**WORK REQUEST**: Reproduce, exactly and in full, only the lines below from the one containing "とらえどころのない自発輝度韓方座浴剤 100包 セット" through the one containing "1979-1990_Nowy_Dziennik_1986_ostatni_koncert_sezonu".

**INFORMATION SHOWN**:
· · ·

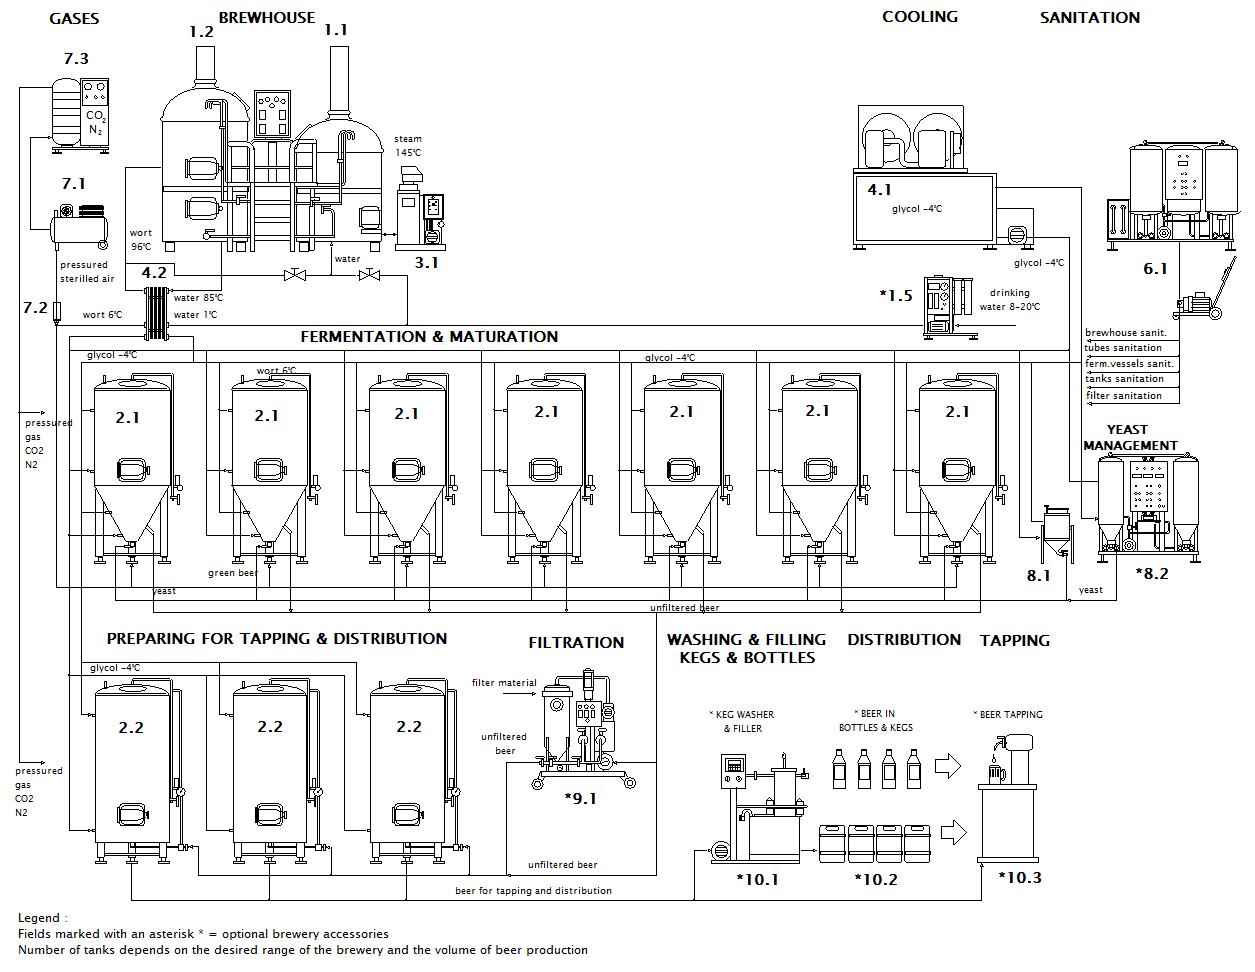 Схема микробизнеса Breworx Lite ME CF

· · ·

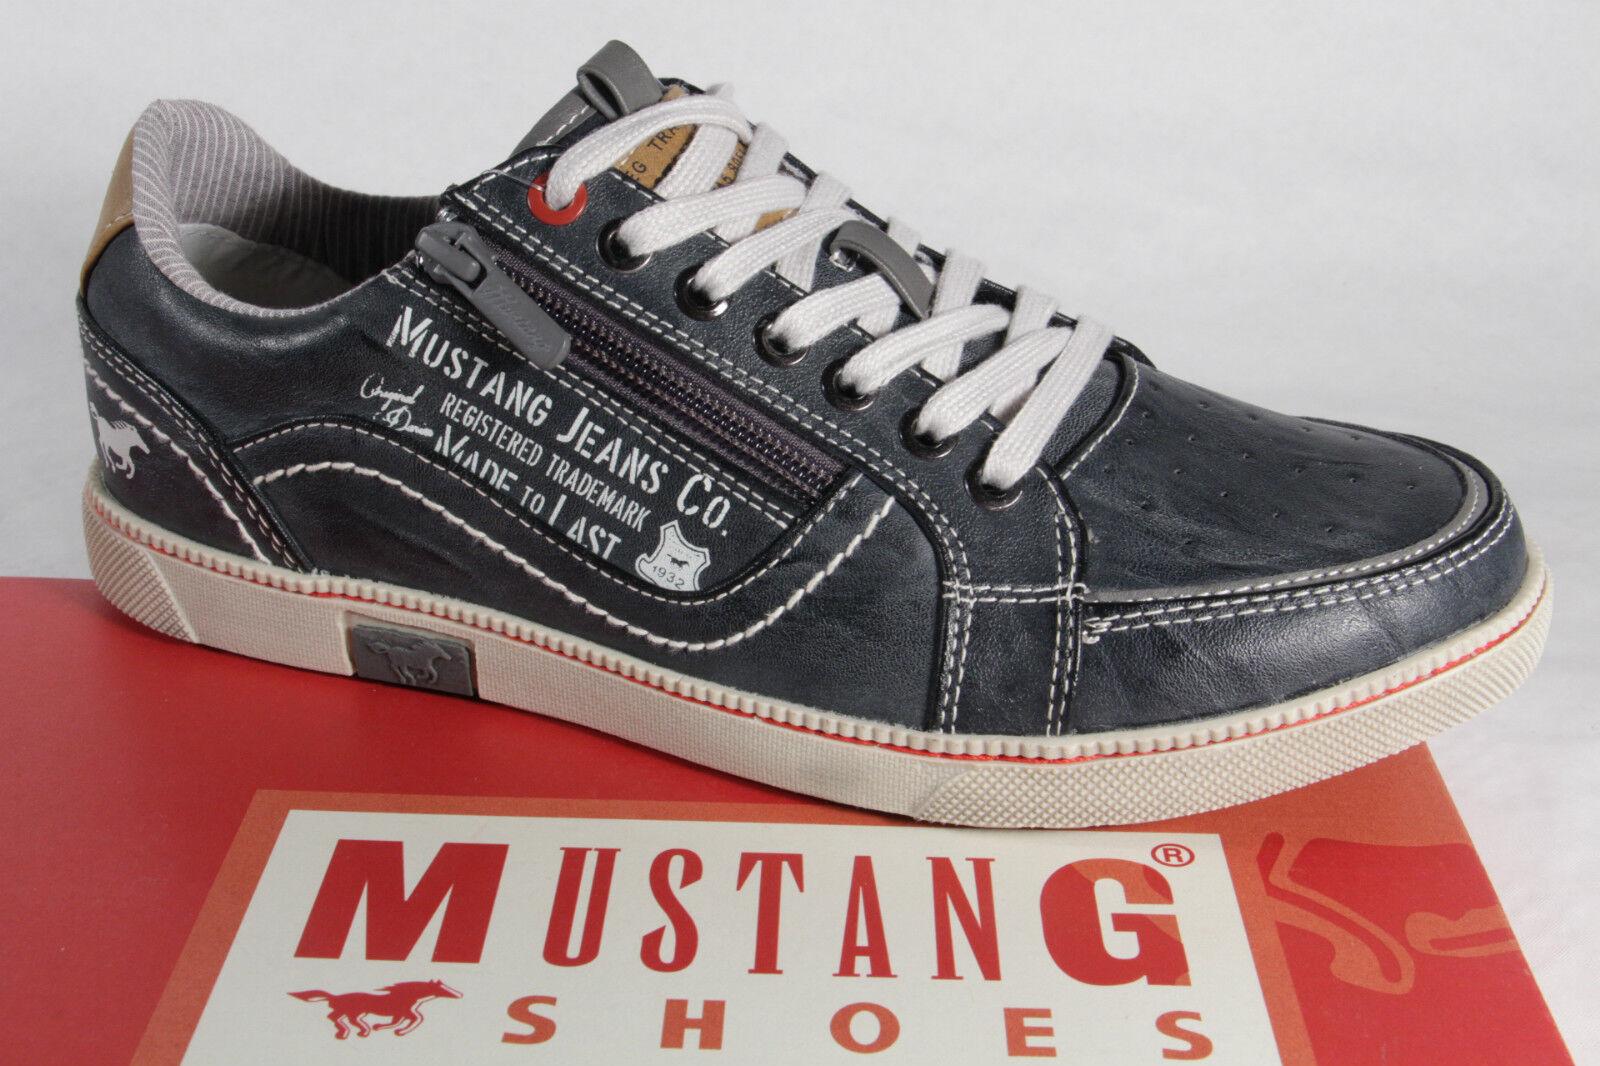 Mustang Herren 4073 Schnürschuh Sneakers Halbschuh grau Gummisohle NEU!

· · ·

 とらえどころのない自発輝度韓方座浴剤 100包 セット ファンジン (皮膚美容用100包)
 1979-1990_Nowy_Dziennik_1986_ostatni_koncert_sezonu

· · ·

**REPLY**:
 とらえどころのない自発輝度韓方座浴剤 100包 セット ファンジン (皮膚美容用100包)
 1979-1990_Nowy_Dziennik_1986_ostatni_koncert_sezonu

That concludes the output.